In an increasingly consolidating industry, ASCs must remain sharply focused on cost containment, according to Raghu Reddy, chief administrative officer of Cumberland-based SurgCenter of Western Maryland.
Mr. Reddy spoke with Becker's about his biggest cost-cutting tactics.
Editor's note: This response was edited lightly for brevity and clarity.
Question: What are some cost-cutting tactics you recommend?
Raghu Reddy: Whether you're losing money on the revenue side because of reimbursements issues or not, I think any ASC should absolutely not leave any penny on the table. I personally operate under the assumption that a penny saved is a penny earned.
I think most agencies should focus on their high-cost areas and go after them because 20 percent of the costs on the ASC business costs 80 percent, and the bulk of it is your staffing costs and your supply costs.
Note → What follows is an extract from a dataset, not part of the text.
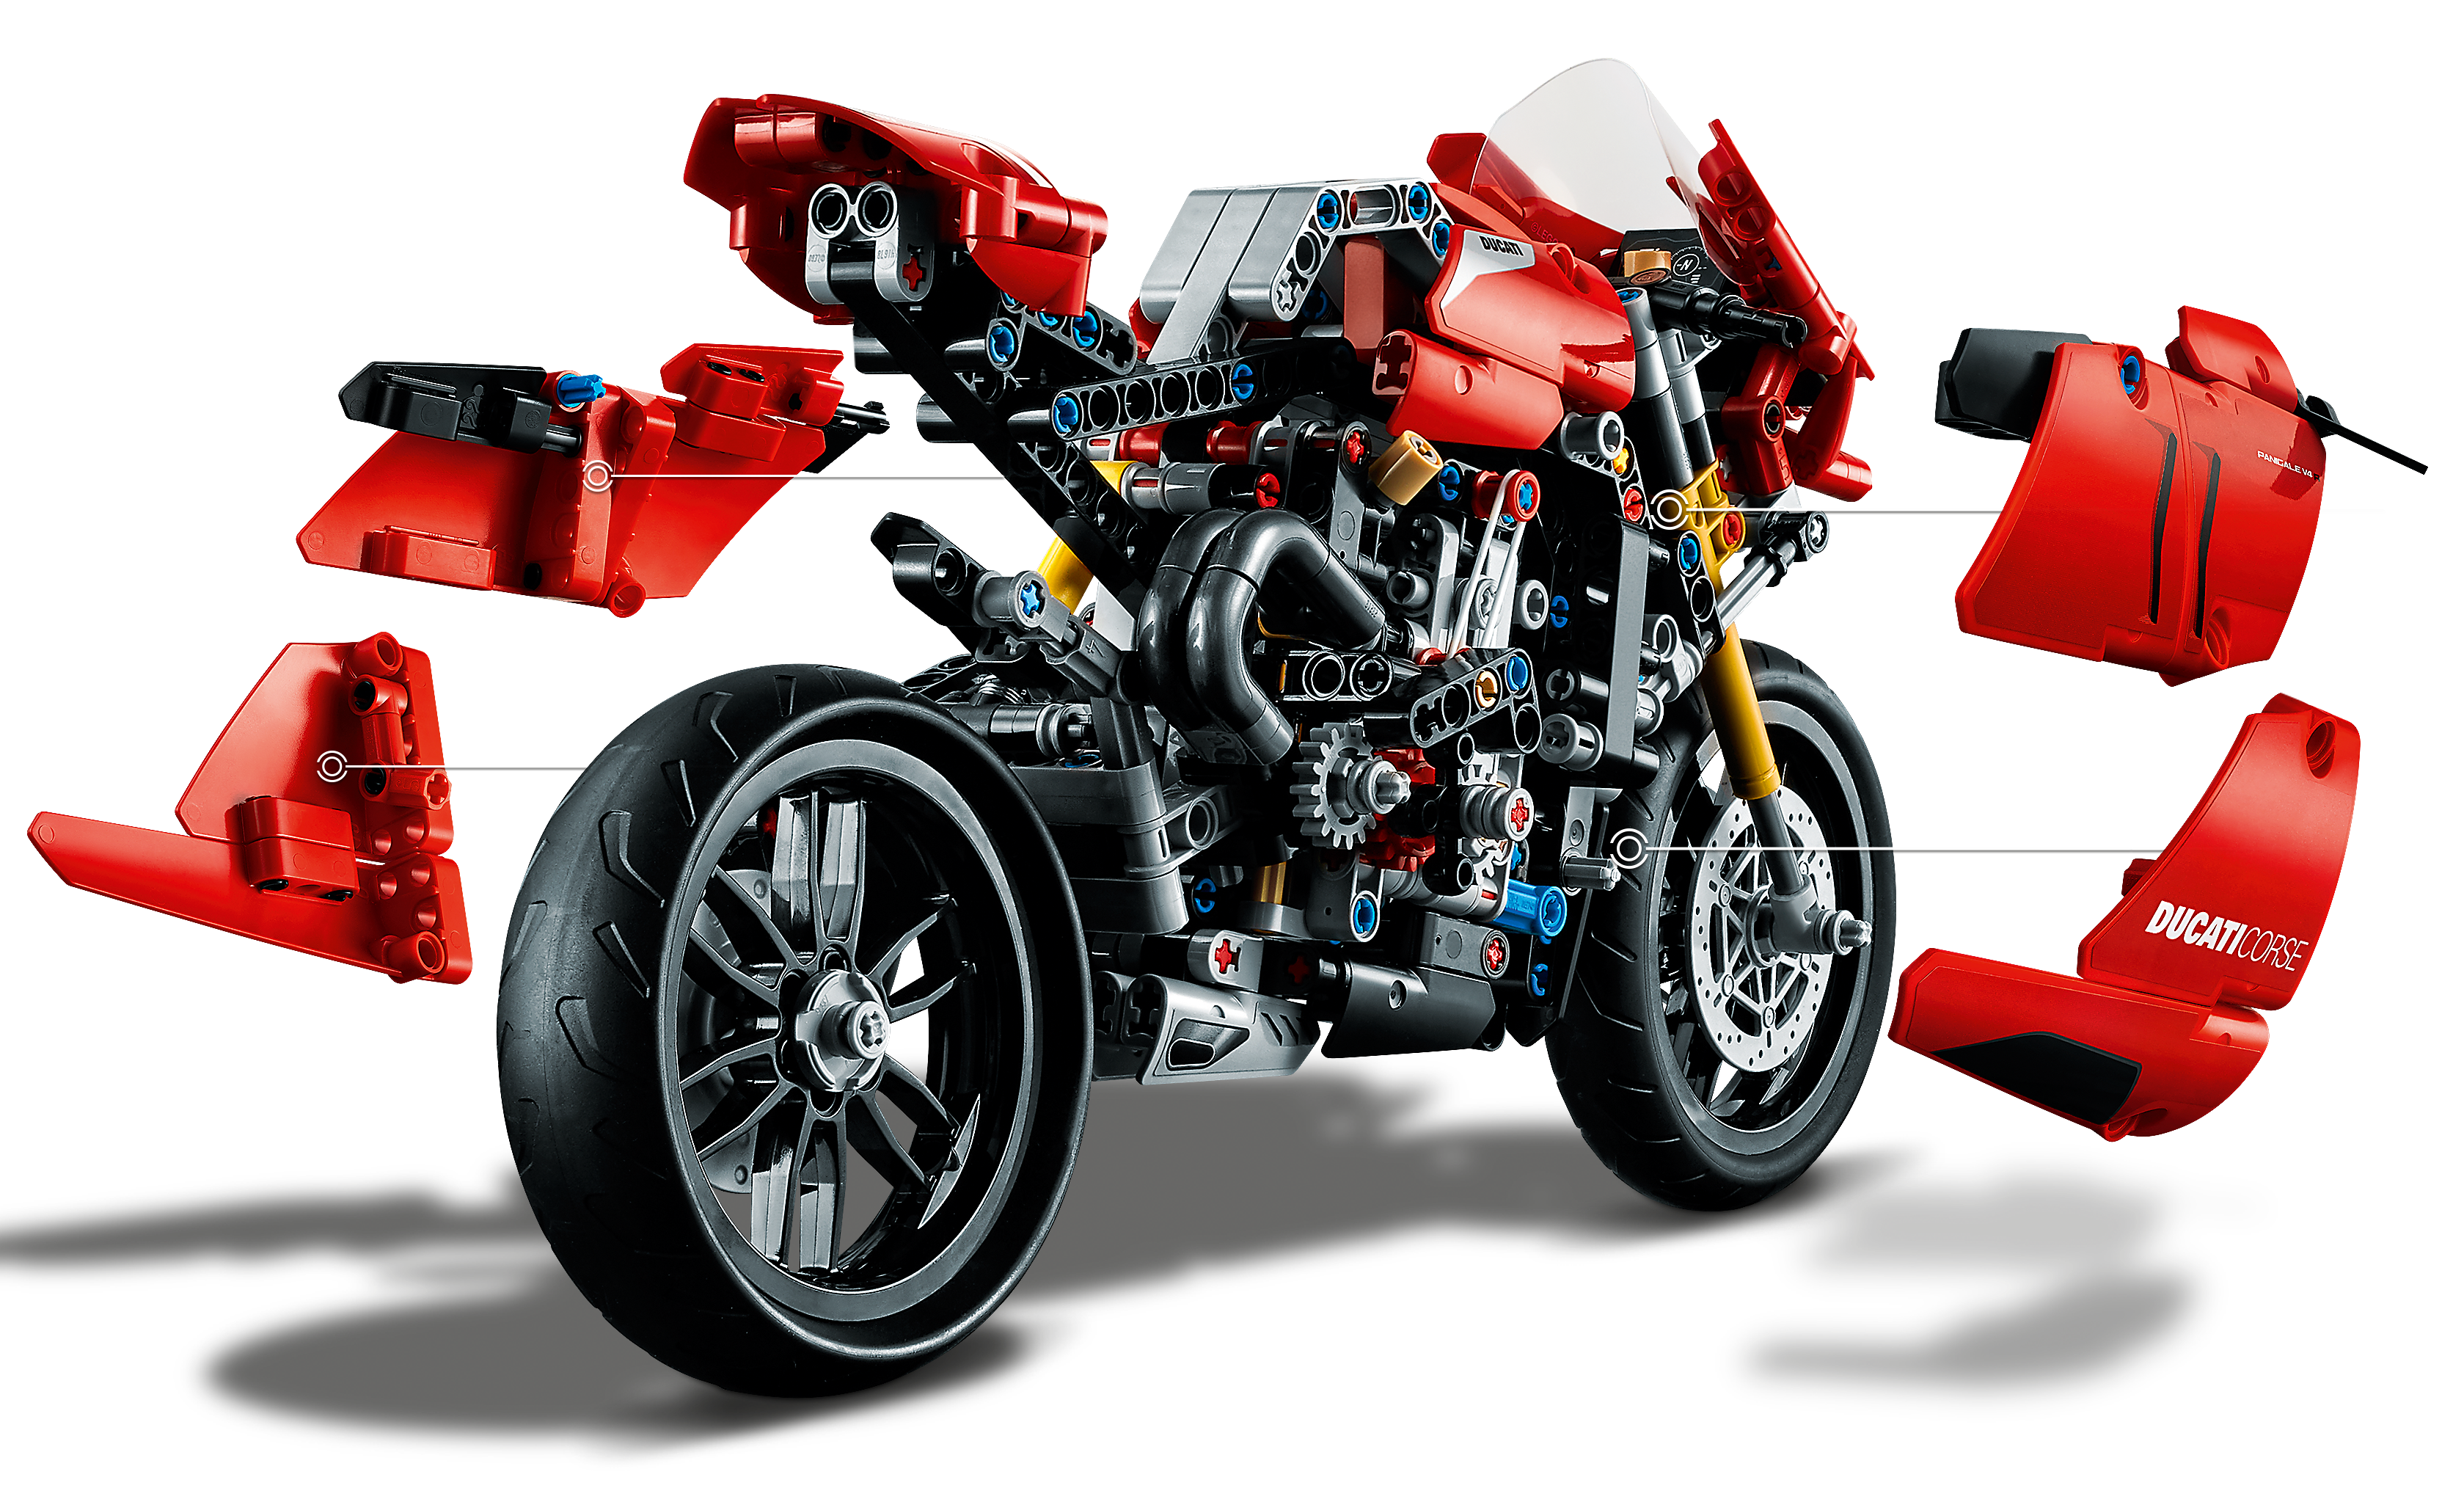 Ducati Panigale V4 R 42107 Technic Buy Online At The Official Lego Shop My
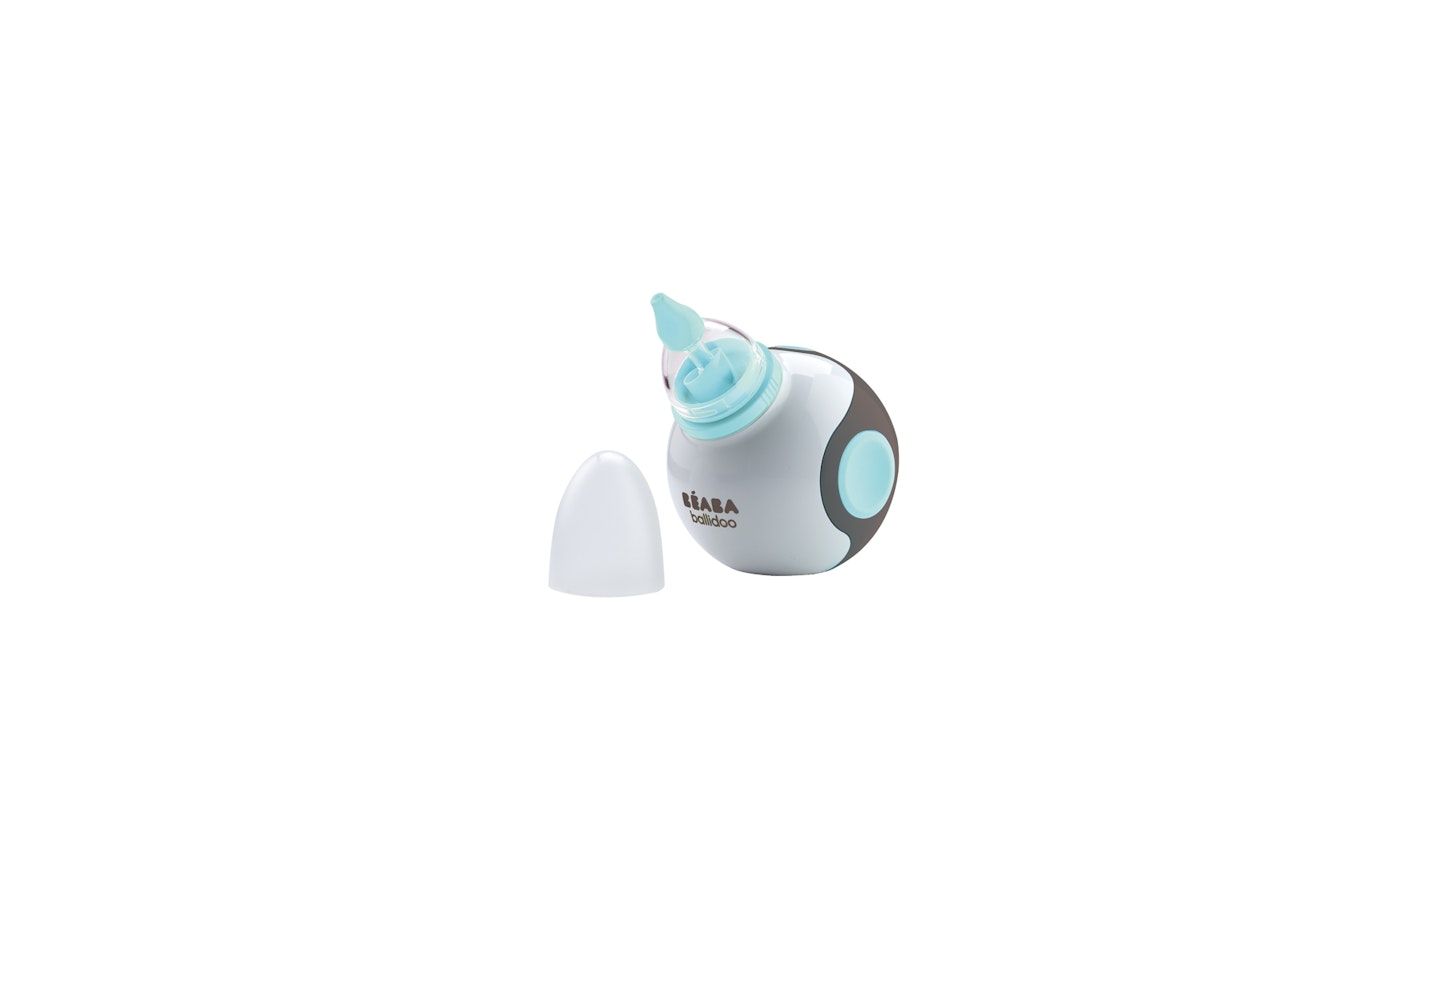 It’s not always fun cleaning your baby’s nose but you can do it easily with this electric aspirator. It has a low noise level so it won’t scare your baby and the small ergonomic shape makes it easy to hold. You can also adjust the aspiration strength acc

Capital costs, on the other hand, are one-time payment, get negotiated, you get a deal and you move on. But this regular recurring cost of goods that are associated with supplies and implants is the area where you need to hone in.
Obviously all ASCs are struggling with the staffing costs, especially in bigger metropolises where their salaries are already at the high end of the pay scale. You're gonna have to be creative, like bringing in LPNs, who cost less than the registered nurses, and augmenting their roles as a support staff for the nurses. This way, the nurses can focus more on what they are hired to do and also some of the burden is lessened by the LPN who can offset the cost there.
Additionally, it's key to have very lucrative group contracts and address pricing with the vendors or the manufacturers directly as much as you can. The leaner you are, the more profitable you are, and from materials management to scheduling to anything else in between, creating those efficiencies and just paying attention to detail will be key.